Table 3. Default performance metrics by response types.

Response | Default Metrics :----------------------- | :------------------------------------------------------ Factor | Brier Score, Accuracy, Cohen's Kappa Binary Factor | Brier Score, Accuracy, Cohen's Kappa, Area Under ROC Curve, Sensitivity, Specificity Numeric Vector or Matrix | Root Mean Squared Error, R^2^, Mean Absolute Error Survival Means | Concordance Index Survival Probabilities | Brier Score, Area Under ROC Curve, Accuracy Survival Events | Accuracy

These defaults may be changed by specifying one or more package-supplied metric functions to the metrics argument of r rdoc_url("performance()"). Specification of the metrics argument can be in terms of a single metric function, function name, or list of metric functions. List names, if specified, will be displayed as metric labels in graphical and tabular summaries; otherwise, the function names will be used as labels for unnamed lists.

## Single metric function
performance(obs, pred_means, metrics = cindex)

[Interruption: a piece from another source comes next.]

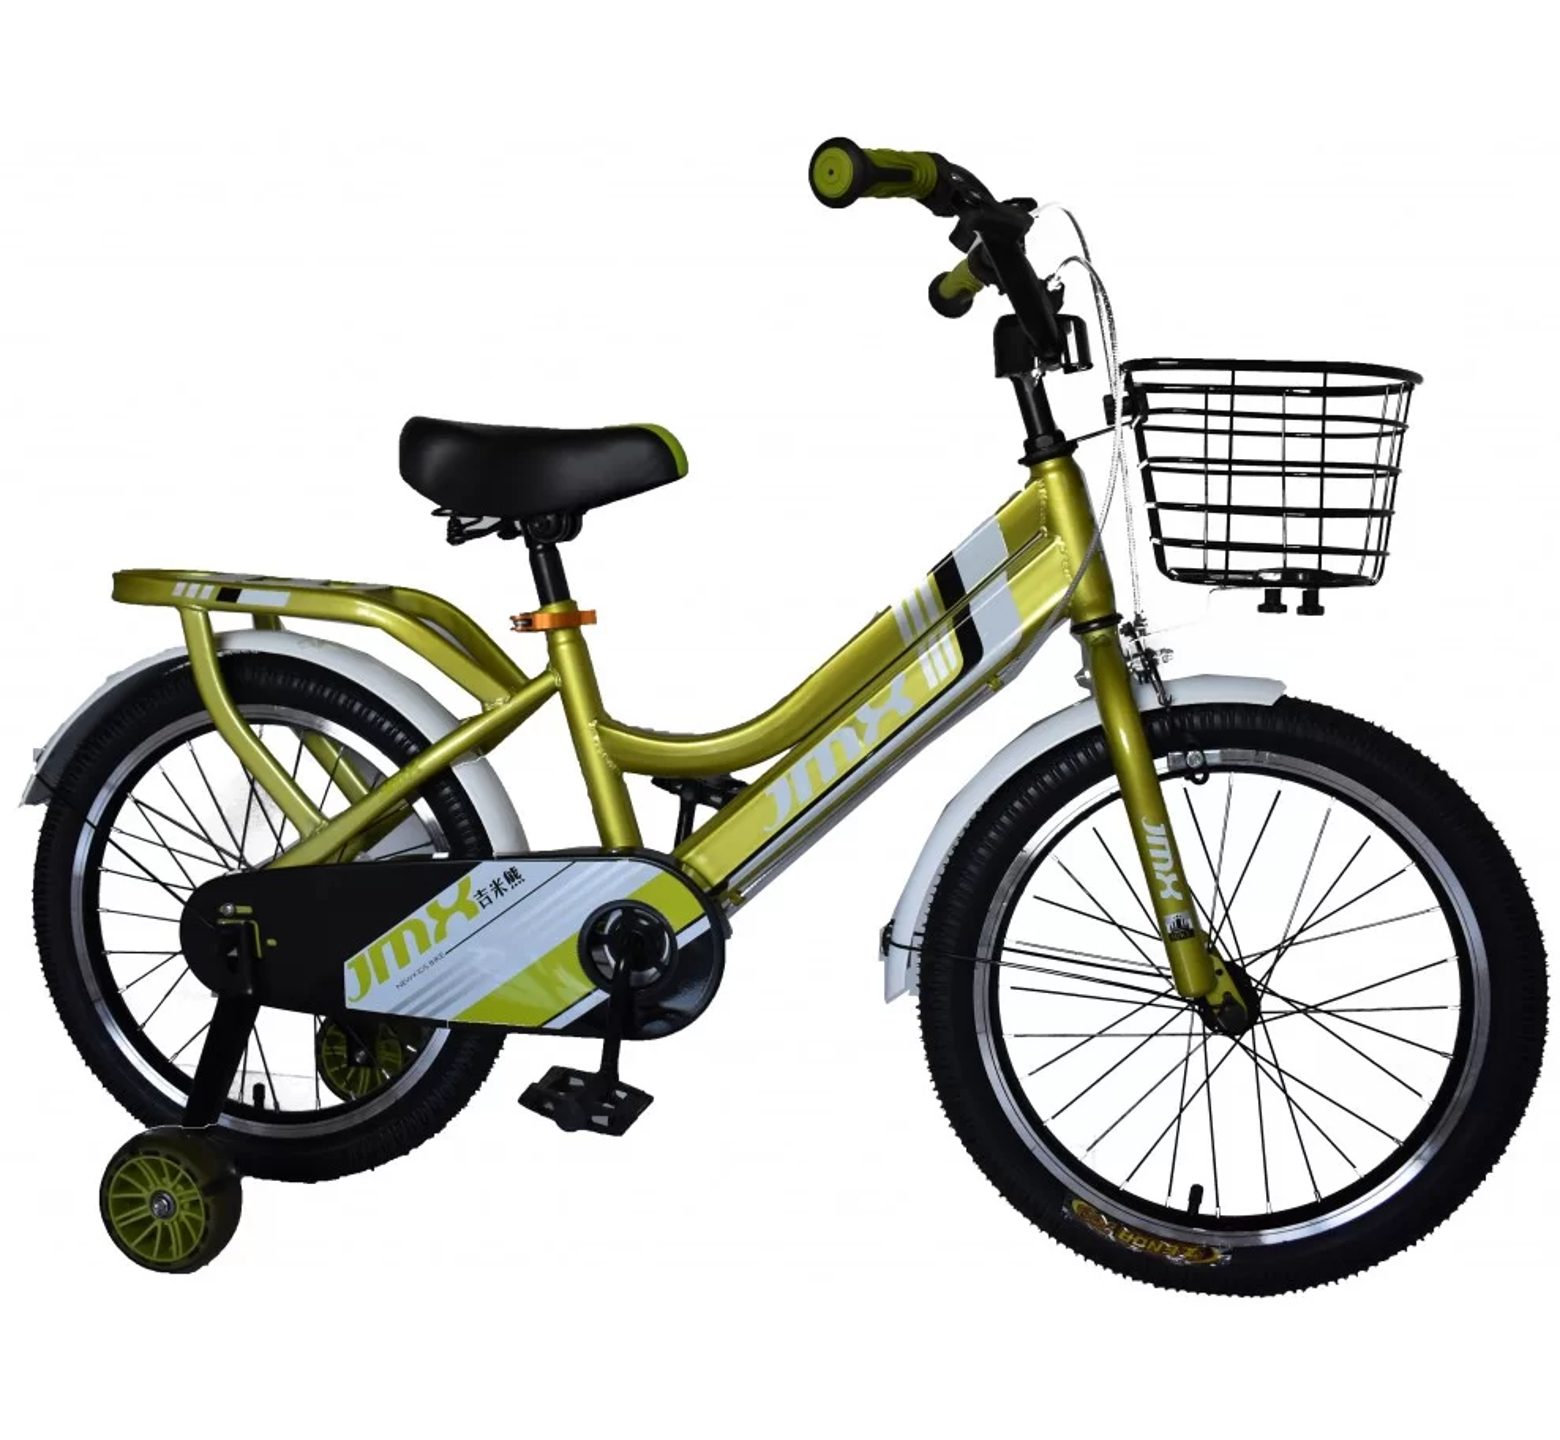 Ποδήλατο Jmx από 18 έως 20 ίντσες με καλάθι και σχάρα σε πράσινο χρώμα

## Single metric function name
performance(obs, pred_means, metrics = "cindex")

## List of metric functions
performance(obs, pred_means, metrics = c(cindex, rmse, rmsle))

## Named list of metric functions
performance(obs, pred_means,
            metrics = c("CIndex" = cindex, "RMSE" = rmse, "RMSLE" = rmsle))

Metrics based on classification of two-level class probabilities, like sensitivity and specificity, optionally allow for specification of the classification cutoff probability (default: cutoff = 0.5).

## User-specified survival probability metrics
performance(obs, pred_probs, metrics = c(sensitivity, specificity), cutoff = 0.7)

Metric Functions

Whereas multiple package-supplied metrics can be calculated simultaneously with the r rdoc_url("performance()") function, each exists as a stand-alone function that can be called individually.

## Metric functions for survival means
cindex(obs, pred_means)

rmse(obs, pred_means)

rmsle(obs, pred_means)

## Metric functions for survival probabilities
sensitivity(obs, pred_probs)

specificity(obs, pred_probs)

Metric Information

A named list of available metrics can be obtained interactively with the r rdoc_url("metricinfo()") function, and includes the following components for each one.

label : character descriptor for the metric.

maximize : logical indicating whether maximization of the metric leads to better predictive performance.

arguments : closure with the argument names and corresponding default values of the metric function.

response_types : data frame of the observed and predicted response variable types supported by the metric.

Function r rdoc_url("metricinfo()") may be called without arguments, with one or more metric functions, an observed response variable, an observed and predicted response variable pair, response variable types, or resampled output; and will return information on all matching metrics.

## All available metrics
metricinfo() %>% names

Information is displayed below for the r rdoc_url("cindex()", "metrics") function corresponding to a concordance index, which is applicable to observed survival and predicted means.

## Metric-specific information
metricinfo(cindex)

Submitting the metric function at the console will result in similar information being displayed as formatted text.

cindex

Type-Specific Metrics

When data objects are supplied as arguments to r rdoc_url("metricinfo()"), information is returned on all metrics applicable to response variables of the same data types. Observed response variable type is inferred from the first data argument and predicted type from the second, if given. For survival responses, predicted types may be numeric for survival means, r rdoc_url("SurvEvents", "SurvMatrix") for 0-1 survival events at specified follow-up times, or r rdoc_url("SurvProbs", "SurvMatrix") for follow-up time survival probabilities. If model functions are additionally supplied as arguments, information on the subset matching the data types is returned.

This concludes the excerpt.